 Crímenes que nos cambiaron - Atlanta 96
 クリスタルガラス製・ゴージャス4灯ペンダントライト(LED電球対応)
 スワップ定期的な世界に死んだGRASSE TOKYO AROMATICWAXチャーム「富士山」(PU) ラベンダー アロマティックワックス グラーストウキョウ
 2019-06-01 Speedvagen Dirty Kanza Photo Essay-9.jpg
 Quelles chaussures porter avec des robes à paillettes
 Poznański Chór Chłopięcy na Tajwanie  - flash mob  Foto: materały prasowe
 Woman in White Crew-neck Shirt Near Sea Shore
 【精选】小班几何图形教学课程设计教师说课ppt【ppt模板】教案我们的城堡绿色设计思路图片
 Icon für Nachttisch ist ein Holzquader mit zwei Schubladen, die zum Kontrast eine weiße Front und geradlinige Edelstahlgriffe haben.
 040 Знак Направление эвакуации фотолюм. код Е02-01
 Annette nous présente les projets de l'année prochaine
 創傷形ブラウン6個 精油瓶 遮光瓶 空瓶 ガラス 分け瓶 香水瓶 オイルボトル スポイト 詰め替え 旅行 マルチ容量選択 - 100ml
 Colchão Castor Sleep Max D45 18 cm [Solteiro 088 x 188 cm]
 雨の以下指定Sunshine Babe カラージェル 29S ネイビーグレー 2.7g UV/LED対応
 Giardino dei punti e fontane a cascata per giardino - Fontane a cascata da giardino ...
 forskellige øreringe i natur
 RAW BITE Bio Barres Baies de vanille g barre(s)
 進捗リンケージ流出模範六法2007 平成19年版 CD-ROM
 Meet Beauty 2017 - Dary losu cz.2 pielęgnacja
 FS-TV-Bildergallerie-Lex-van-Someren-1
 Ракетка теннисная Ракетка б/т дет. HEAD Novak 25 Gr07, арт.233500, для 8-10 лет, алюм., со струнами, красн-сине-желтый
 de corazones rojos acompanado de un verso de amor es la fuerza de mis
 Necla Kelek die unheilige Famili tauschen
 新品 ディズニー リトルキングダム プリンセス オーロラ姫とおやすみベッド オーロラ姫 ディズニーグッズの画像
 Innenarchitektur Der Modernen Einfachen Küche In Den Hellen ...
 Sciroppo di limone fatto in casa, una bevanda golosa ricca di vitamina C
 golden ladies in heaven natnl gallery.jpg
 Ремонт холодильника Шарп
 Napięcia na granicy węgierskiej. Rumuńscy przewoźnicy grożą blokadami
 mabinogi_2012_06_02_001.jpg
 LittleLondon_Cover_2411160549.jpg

————

What is needed
Repeat only the lines above, from the first line of the entries through the line that contains "Quelles chaussures porter", including both ends.

Answer section
 Crímenes que nos cambiaron - Atlanta 96
 クリスタルガラス製・ゴージャス4灯ペンダントライト(LED電球対応)
 スワップ定期的な世界に死んだGRASSE TOKYO AROMATICWAXチャーム「富士山」(PU) ラベンダー アロマティックワックス グラーストウキョウ
 2019-06-01 Speedvagen Dirty Kanza Photo Essay-9.jpg
 Quelles chaussures porter avec des robes à paillettes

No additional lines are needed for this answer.